NASIR: Okay. Well, what if it’s two years and a non-compete for the entire state of Texas?
LEIZA: The geographic area has to be tied to the area where the person is working. For example, it’s very common for sales people to have non-compete agreements. It can only cover the areas that’s assigned to them in which they actually worked. If they were assigned the whole state of Texas and they travel in Texas and they have clients all over the state, then the geographic area would probably be reasonable. As an alternative, a lot of companies, instead of doing a geographic area, what is reasonable depends on how you look at it. They will do a non-solicitation clause. They’ll say, “You know, you can’t solicit certain clients,” and not mention geographic area at all.
NASIR: I’ll mention to our California clients and listeners that a non-solicitation clause is basically the same thing as far as California’s concerned that it’s still a restricted clause that is prohibited, basically.

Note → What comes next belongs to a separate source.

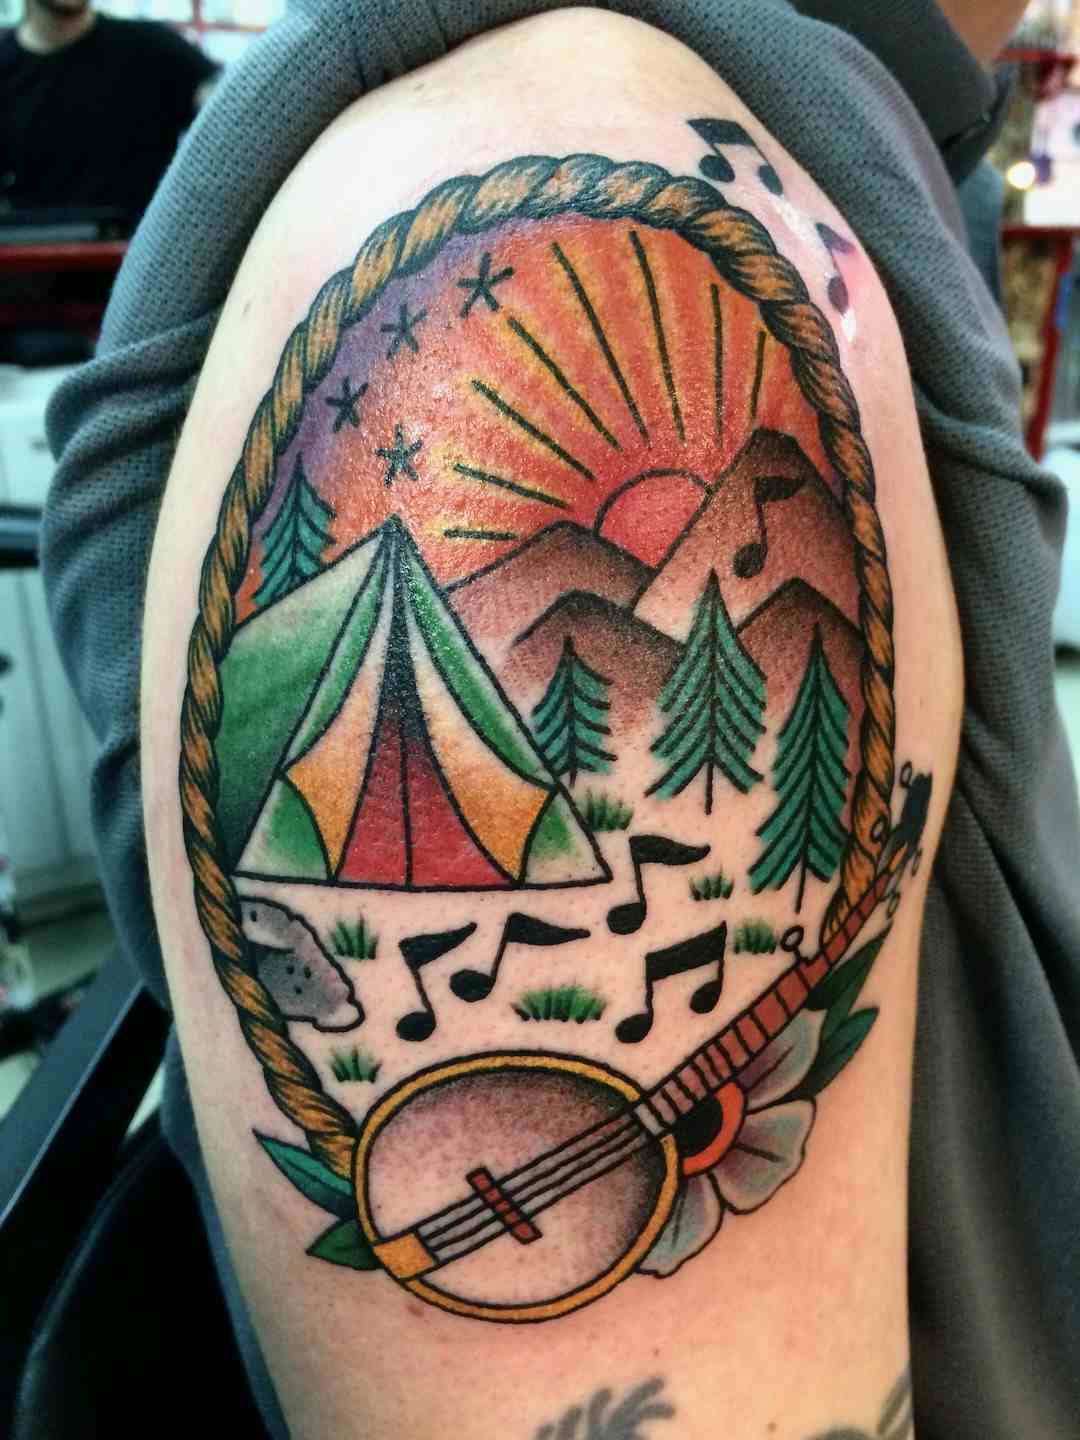 Banjo mountain camping tattoo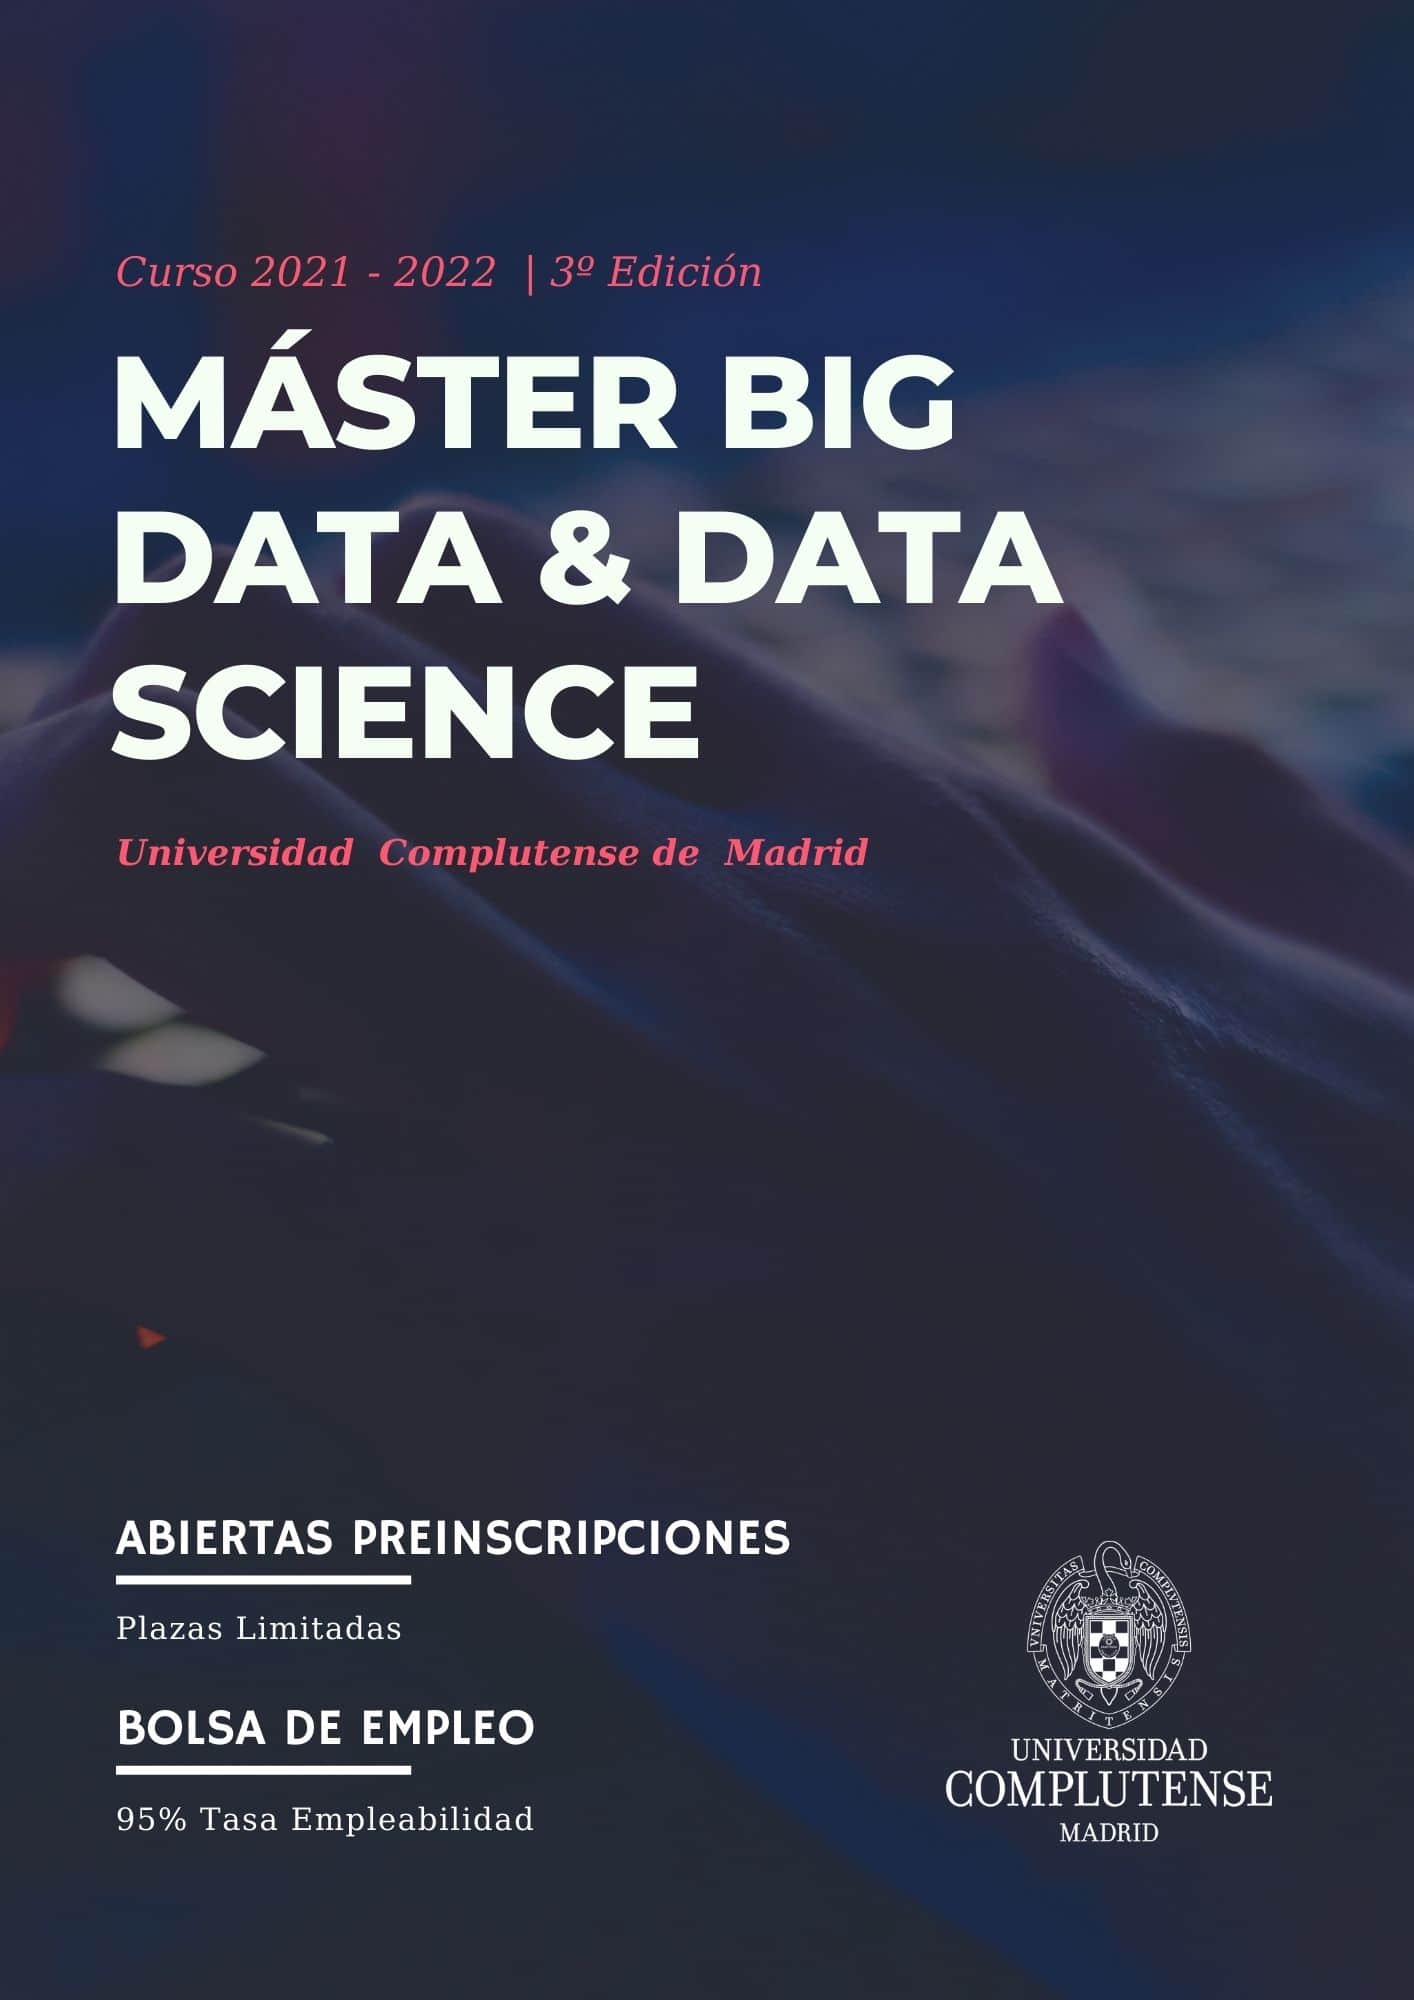 Master Data Science UCM 2021 2022

We’re basically trying to convince all the California employers to move to Texas.
LEIZA: Well, you know, we had an influx of a lot of businesses that are moving here from California. I think Toyota just made a big move, I think. There are a few other companies that are moving here. It’s a huge change for the employees that are coming from the states where non-competes are not enforceable and they move to Texas and all of a sudden they’re being asked to sign a non-compete.
MATT: So, Leiza, let me ask you this question, and I feel bad for putting you on the spot but just kind of your take. Let’s say this same example – leaves the company, starts this competing gym, the same couple of miles away or however it was, but he wouldn’t have used the company resources while he was working the hours he was working at Life Time Fitness. Let’s say he still kind of uses his know-how of the business, maybe even stuff that could be considered trade secrets, but he didn’t do it all on company time using company resources. Do you think they still would have been able to get that injunction at that point then?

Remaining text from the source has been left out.